Partnership between Defense and Homeland Security departments solid, says official
Pentagon’s homeland security chief says the relationship with the Homeland Security has improved.
The relationship between the Homeland Security and Defense departments has never been healthier, a top Pentagon official said Tuesday.
Since Homeland Security Secretary Michael Chertoff was sworn in as the second head of the blended agency, a great deal has changed in the organizations' ability to work with each other, such as improved communications and the ability to perform security functions, according to Paul McHale, assistant Defense secretary for homeland defense.
"A lot of it is for the better," McHale said at a Defense Writer's Group. "I am very confident that the working relationship between the Defense Department and the Department of Homeland Security is precisely where it needs to be in terms of attitude."
McHale said the link between Defense and Homeland Security was strained at times under its previous leader, Tom Ridge, but is now "improving every day."
Fifty-five of McHale's full-time staffers are assigned solely to working with Homeland Security, and a memorandum of understanding institutionalizing the relationship early in Chertoff's tenure helped solidify the departments' ability to share information and conduct security operations, McHale said.
McHale, a former member of Congress, oversees Defense's Northern Command, the office that oversees the consolidated homeland defense and security operations for the military. He also serves as a liaison between the Defense and Homeland Security departments.
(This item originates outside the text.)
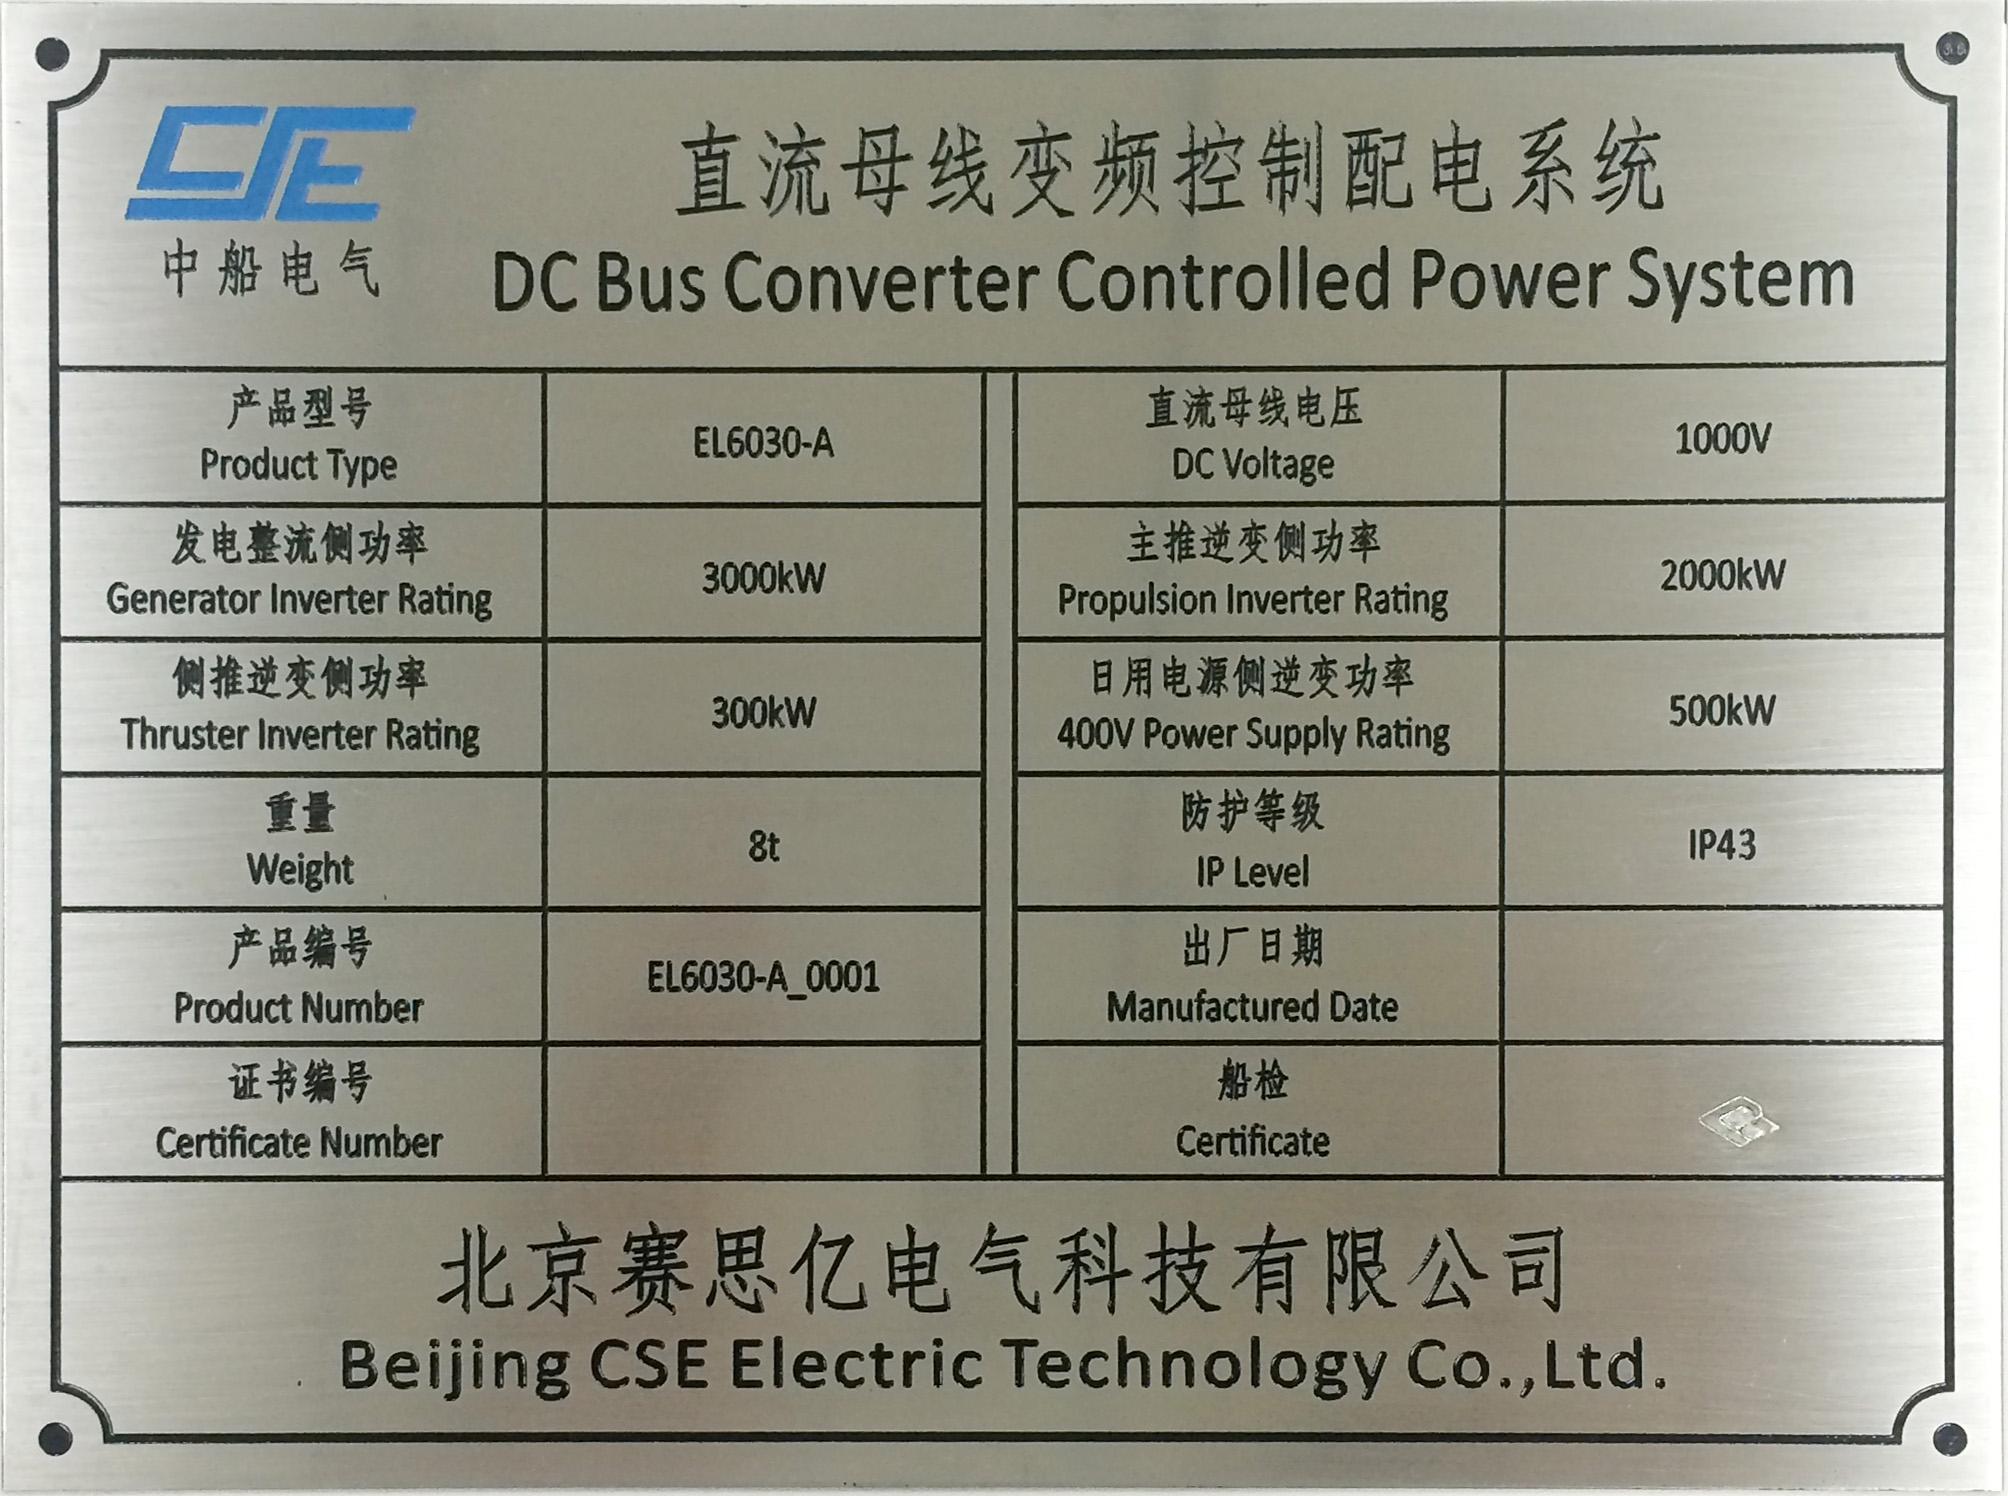 全球首套通过中国船级社认证的直流组网电力推进系统

The Strategy for Homeland Defense and Civil Support, a report being prepared by McHale's office, will call for the creation of an active, layered national defense, is in its final stages McHale said. According to a spokesman, leadership changes within the Pentagon have kept the document from officially being released.
Steps to improve the agencies' ability to communicate with each other have been taken McHale said, and agencies - particularly those dealing with air defense like the Federal Aviation Administration and the North American Aerospace Defense Command - have recently shown that they can work with each other.
"We are by no means fully prepared, but we have improved," McHale said of the agencies' capability to communicate.